“Those of steadfast mind you keep in peace; in peace because they trust in you.”

-Is 26:3

IPOs are down roughly 64% from their 2021 peak, and venture funding has fallen to about $86 billion, its lowest level in more than a decade.

Capital hasn’t entirely disappeared. But It has become much more selective.

So what determines who gets funded?

Two Columbia University professors conducted a study of more than 10,000 founders. They found that personality traits, measured before a company even existed, were directly linked to outcomes: both funding and the exit.

One finding stands out.

Founders who scored higher in “neuroticism” (reactivity, emotional instability) consistently underperformed. They raised less capital, attracted fewer investors, and proved less likely to reach an exit.

Not sometimes. Remarkably, across the board.

Emotional instability compounds negatively at every stage.

Founders who are internally unsettled tend to build externally unstable companies.

There was also another surprising result. More “conscientious” (structured, organized, plan-oriented) founders raised about $170,000 more in early funding, yet were ~15% less likely to reach an exit than founders of average discipline. Likely a result of rigidity.

When investing, most look at the company vision, the problems it solves, and the structures it has in place. But ultimately, you’re not just investing in a business. You’re investing in a person.

This is exactly what stood out in my conversation with Kevin Bailey. The founders who endure aren’t the most reactive. They’re the most grounded.

From a Christian perspective, investing means encountering a person, not just outputs. The Lord looks on the heart (1 Sam. 16:7).

And increasingly, the data suggests that’s not just principled to focus on the person. That may be by design.

Have a blessed week,

Matt

For informational purposes only. This content does not constitute investment, tax, or legal advice, nor a recommendation to buy or sell any security.

Key Takeaways:

  • 43% of startups fail due to mental health struggles & how you can help them

  • The six pillars investors can use to assess a founder

  • What elite athletes know about pressure that most founders don't

  • Why equanimity, not positivity, is the real predictor of founder success

ICYMI: Christian Investing in the News

A growing number of Christians are embracing Bitcoin not just as an investment, but as a moral alternative to the current financial system—raising a deeper question: does this reflect faithful stewardship, or a new form of “mammon” dressed in technology?

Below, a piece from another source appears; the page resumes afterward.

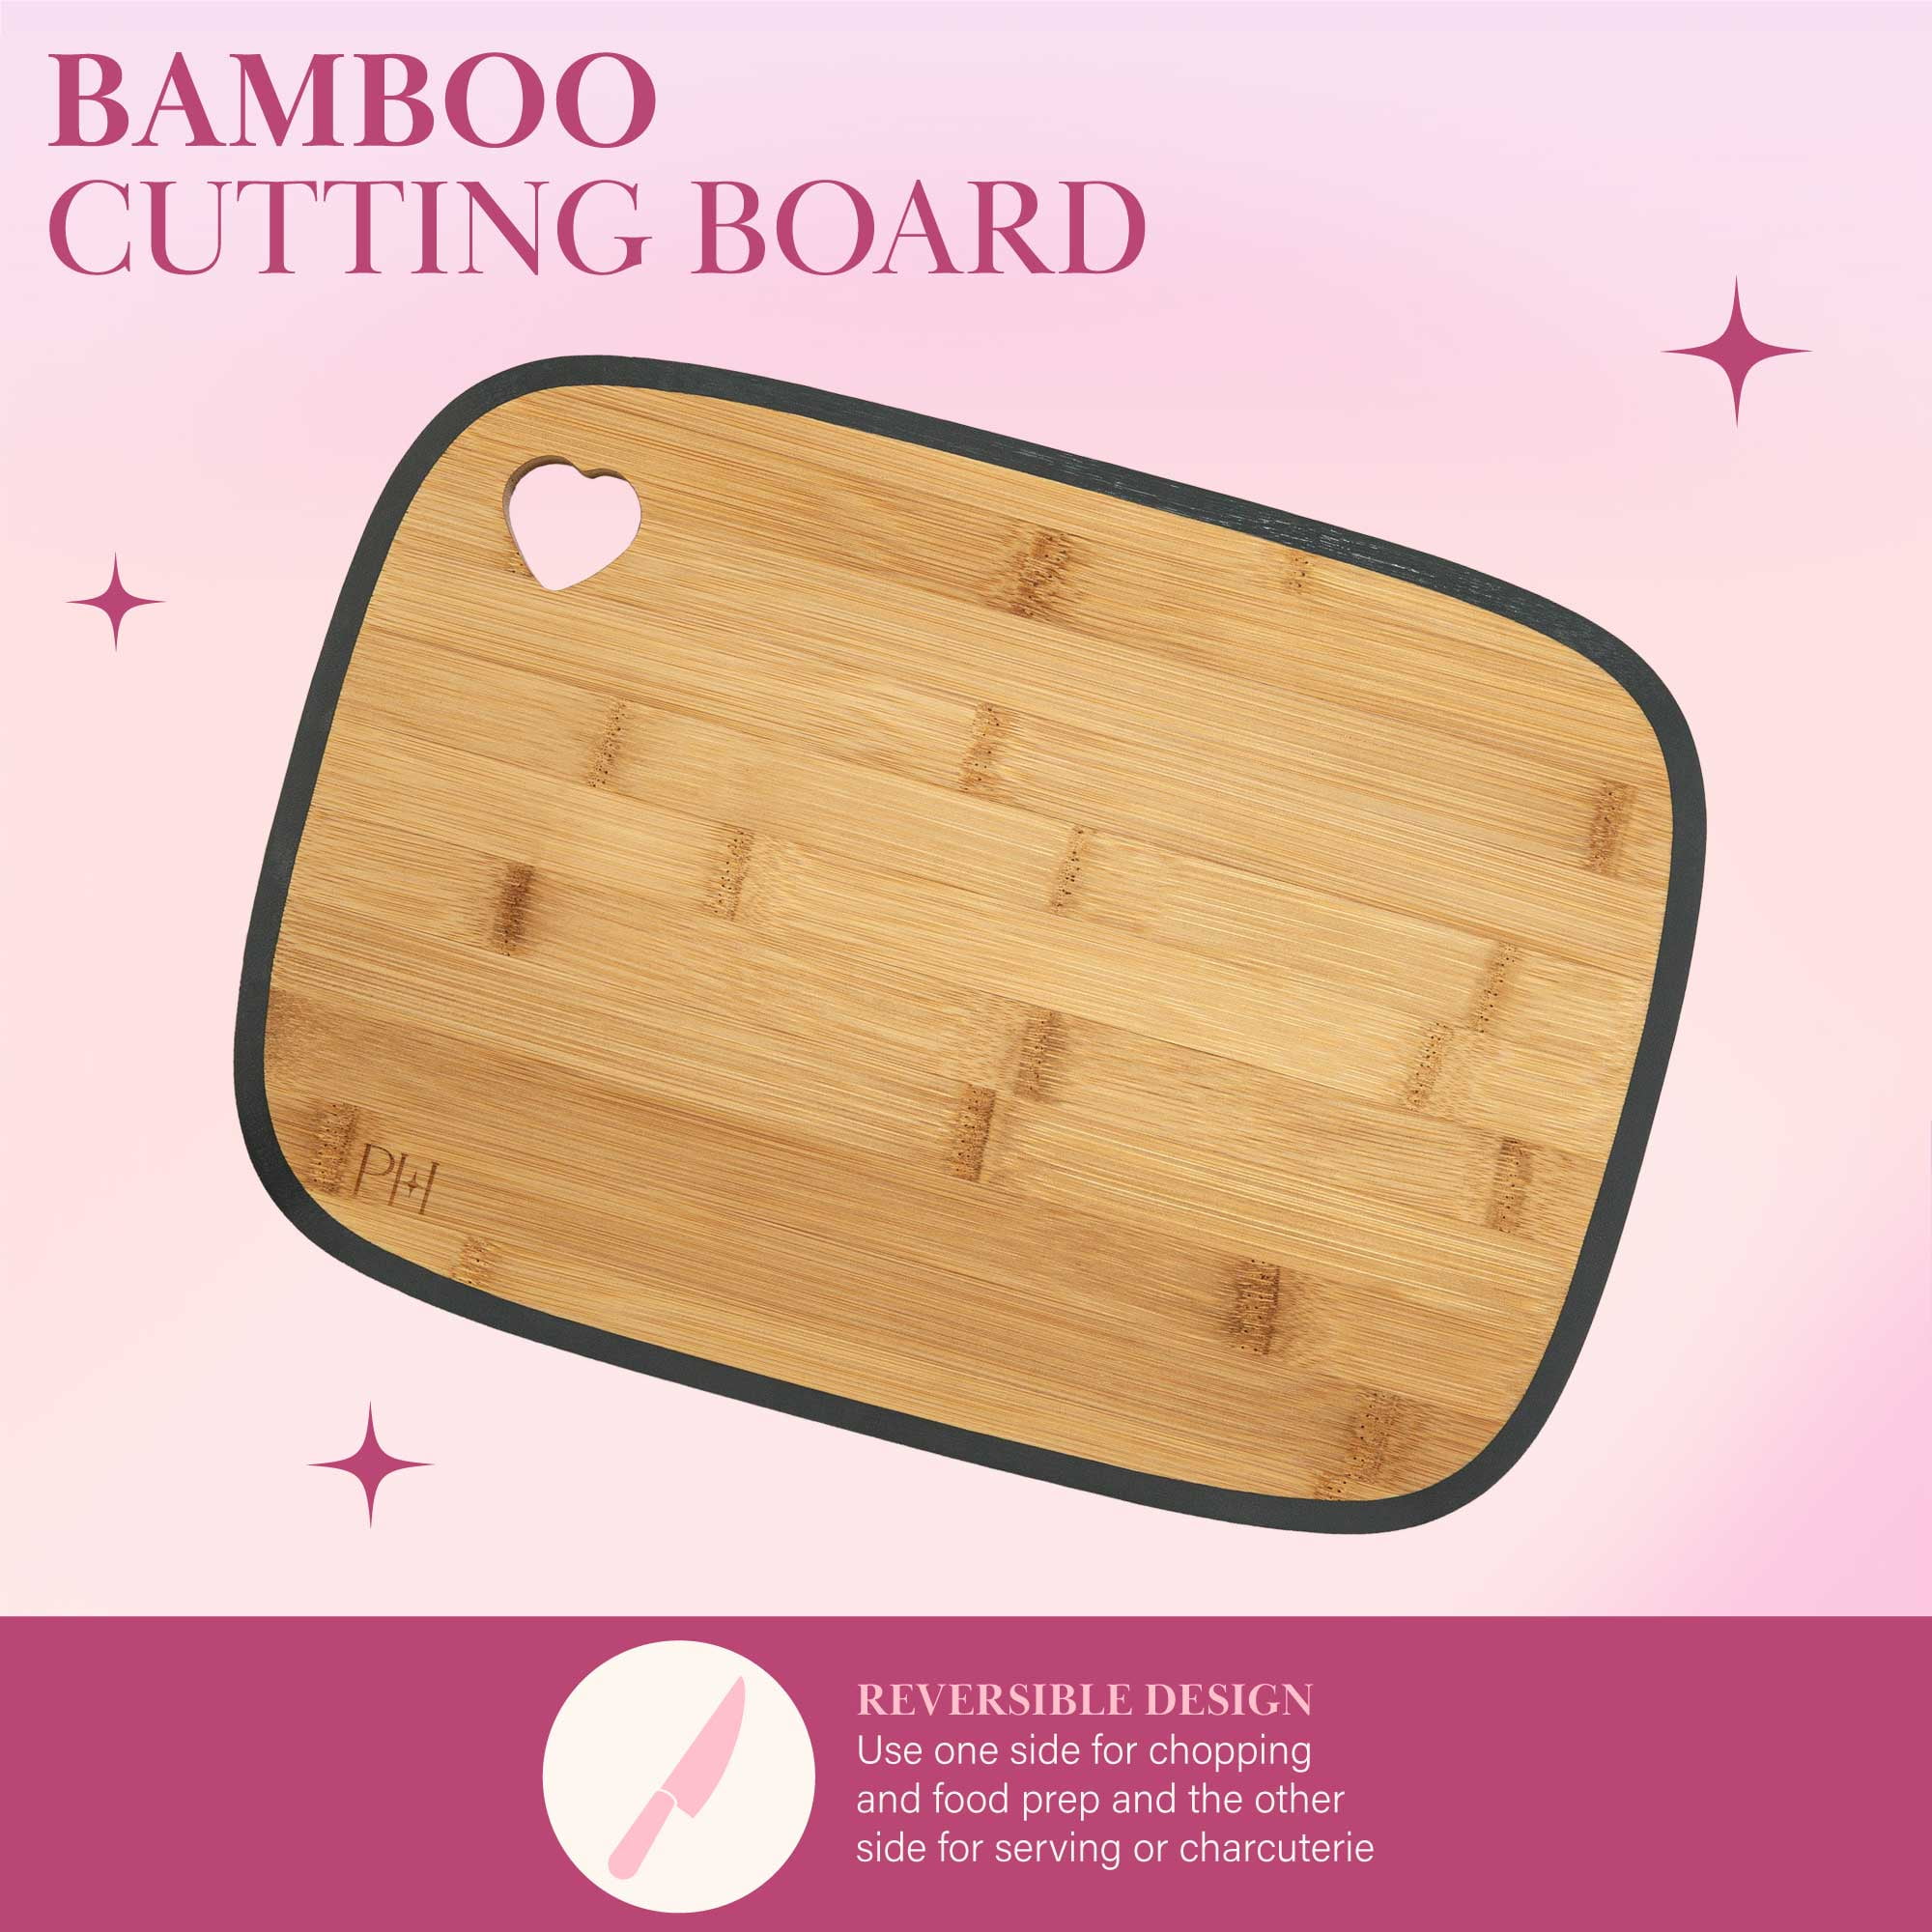  Paris Hilton Reversible Bamboo Cutting Board and Cutlery Set  with Matching High Carbon Stainless Steel Knives, Blade Guards, Sleek Yet  Comfortable Handle Grips, 7-Piece Set Gold, Pink: Home & Kitchen

Bountiful Financial partnered with S&P Dow Jones Indices to launch the S&P 500 Christian Values Screened Index, screening out companies involved in abortion, gambling, adult entertainment, predatory lending, tobacco, and other activities conflicting with evangelical Christian values, with ETFs and additional products to follow.

For informational purposes only. This content does not constitute investment, tax, or legal advice, nor a recommendation to buy or sell any security.

30-Second Investment Terms and Strategies

SPVs (Special Purpose Vehicles)

An SPV (Special Purpose Vehicle) is a separate legal entity created to pool investor capital into one specific investment (e.g., a startup, real estate deal, or private company).

  • How it works: Investors buy into the SPV → the SPV makes one investment → returns flow back to investors.

  • Why sponsors use them: Keeps the cap table clean (one line item instead of many investors).

  • Why investors use them: Access to deals they couldn’t source on their own, often with smaller check sizes.

  • What to watch: Fees (setup + carry), deal quality, and alignment with the lead sponsor.

  • In Short: Think of it as a “mini fund” built for a single opportunity.

For informational purposes only. This content does not constitute investment, tax, or legal advice, nor a recommendation to buy or sell any security.